Freeman financed a 1973 documentary film about the composer and instrument builder Harry Partch, The Dreamer That Remains. She subsequently developed an interest in photography.

She wrote books about the American artists Clyfford Still and Sam Francis. She was also an art collector, and the subject of David Hockney's painting Beverly Hills Housewife.

== Personal life ==
Following her graduation, she married Stanley Freeman, and the couple had four children. Their marriage ended in divorce. Freeman's second marriage was to the Italian sculptor and painter Franco Assetto (1911-1991), with whom she lived half of each year in Beverly Hills and the remaining half in Turin. The marriage lasted until Assetto's death.

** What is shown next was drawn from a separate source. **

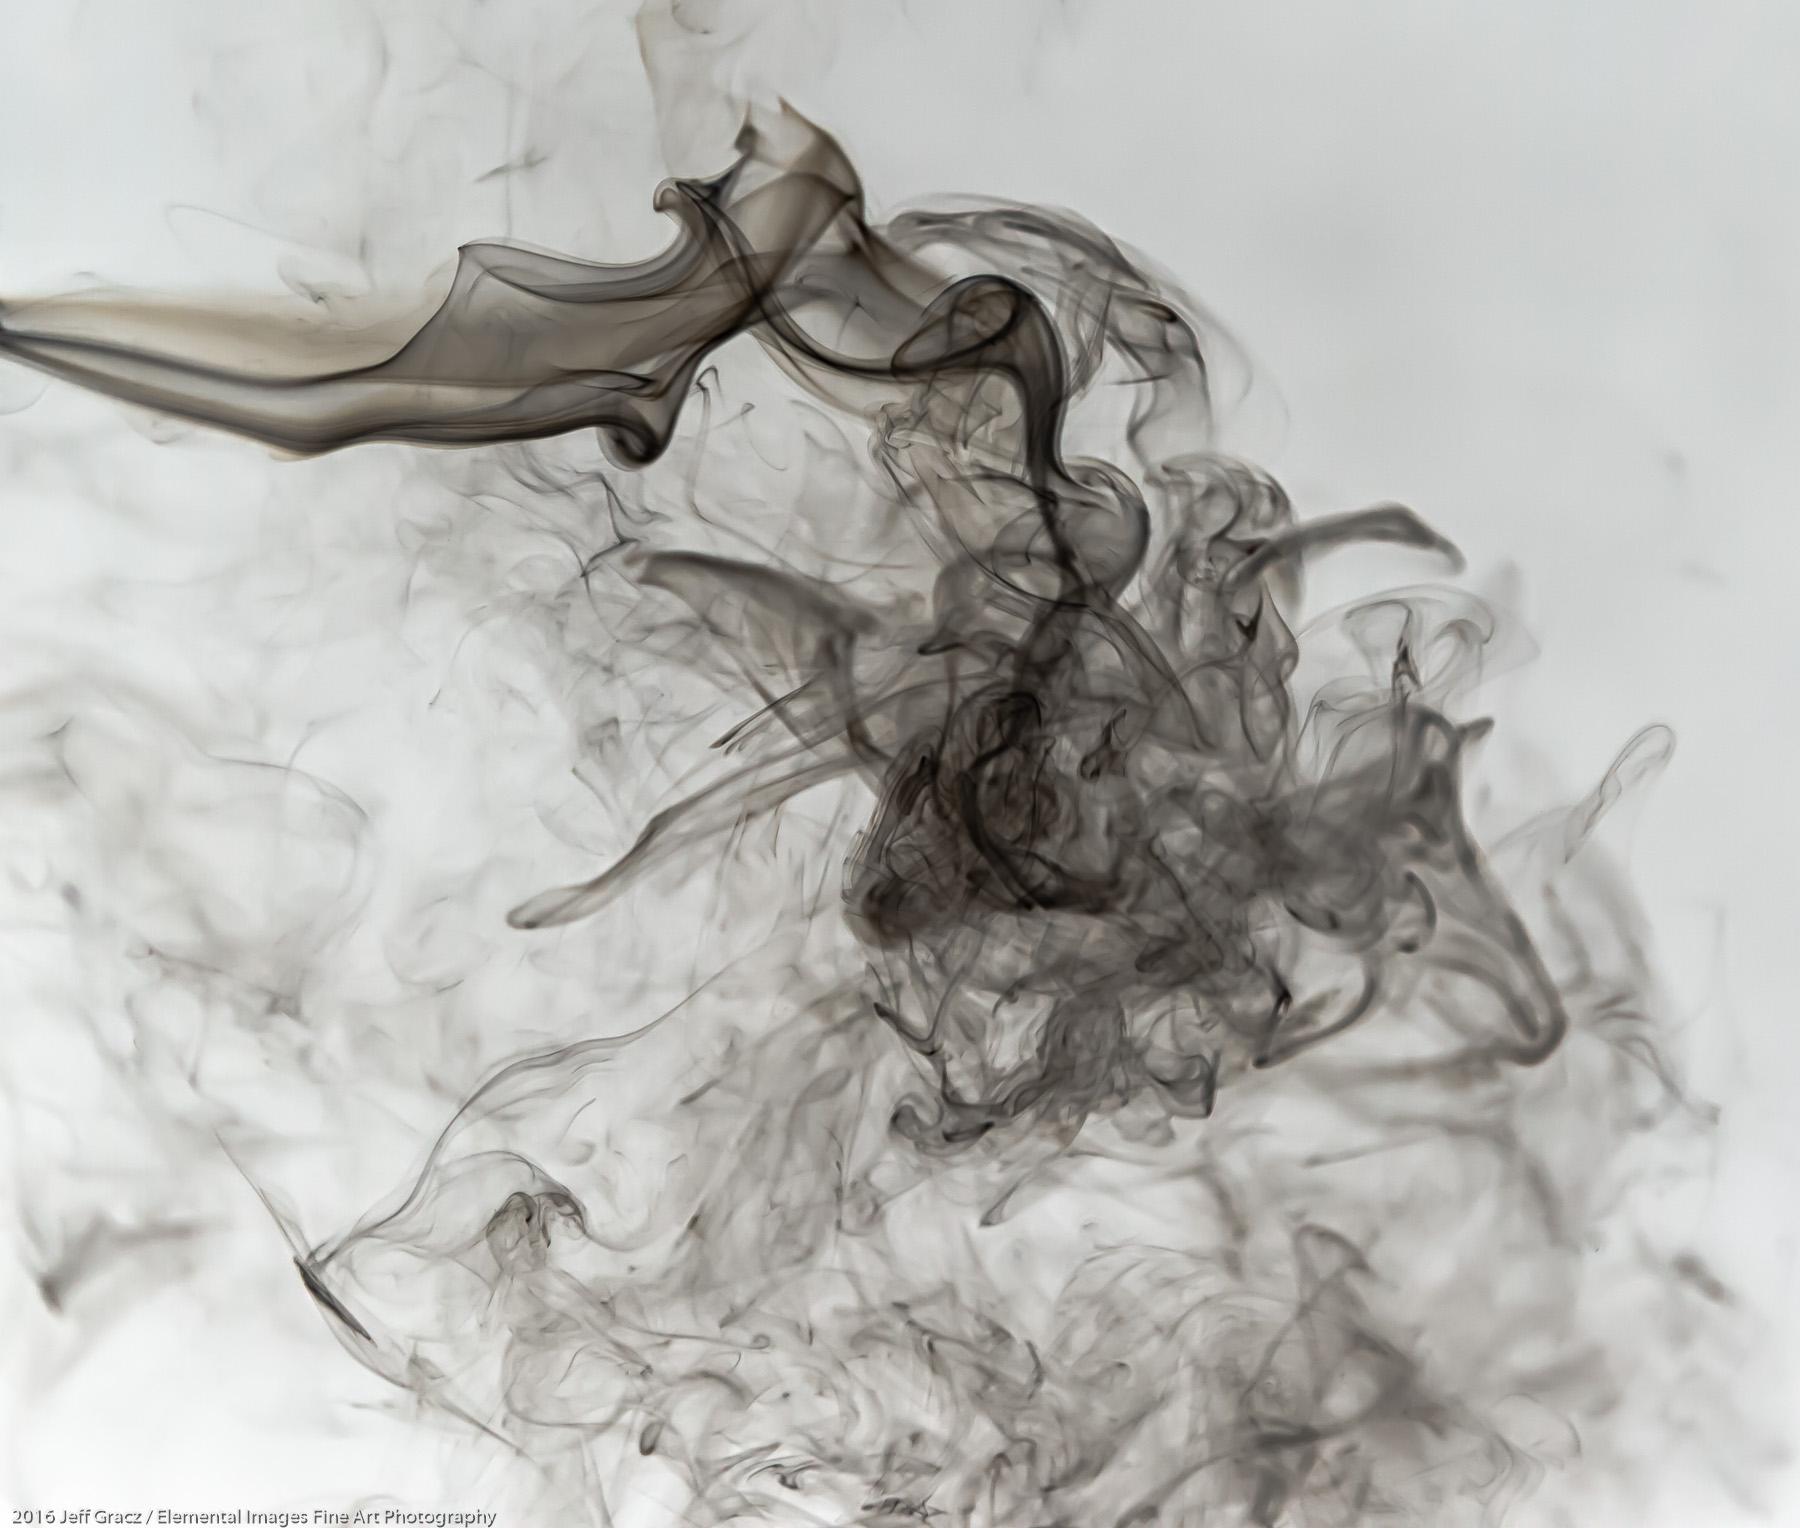 Smoke 36 | Vancouver | WA | USA - © 2016 Jeff Gracz / Elemental Images Fine Art Photography - All Rights Reserved Worldwide

Freeman had four children from her first marriage, her daughters Shelley Butler and Claudia Brotman, and her sons Robert Freeman and Corey Freeman.

==Books==
- 1996 - Music People & Others: 99 Photographs From the Contemporary Music World. Issued in conjunction with the exhibition "Betty Freeman: Music People & Others," held at the Royal Festival Hall in London from April 12 to June 16, 1996. Salzburg [Austria]; New York: Festival Press. (Originally published as an exhibition catalog in 1987 by Gabriele Mazzotta (Milan); text by Daniela Palazzoli; text in English and Italian.)
- Cahill, James (2026). "The Beverley Hills Housewife"

==Films==
- 1995 - Musical Outsiders: An American Legacy - Harry Partch, Lou Harrison, and Terry Riley. Directed by Michael Blackwood.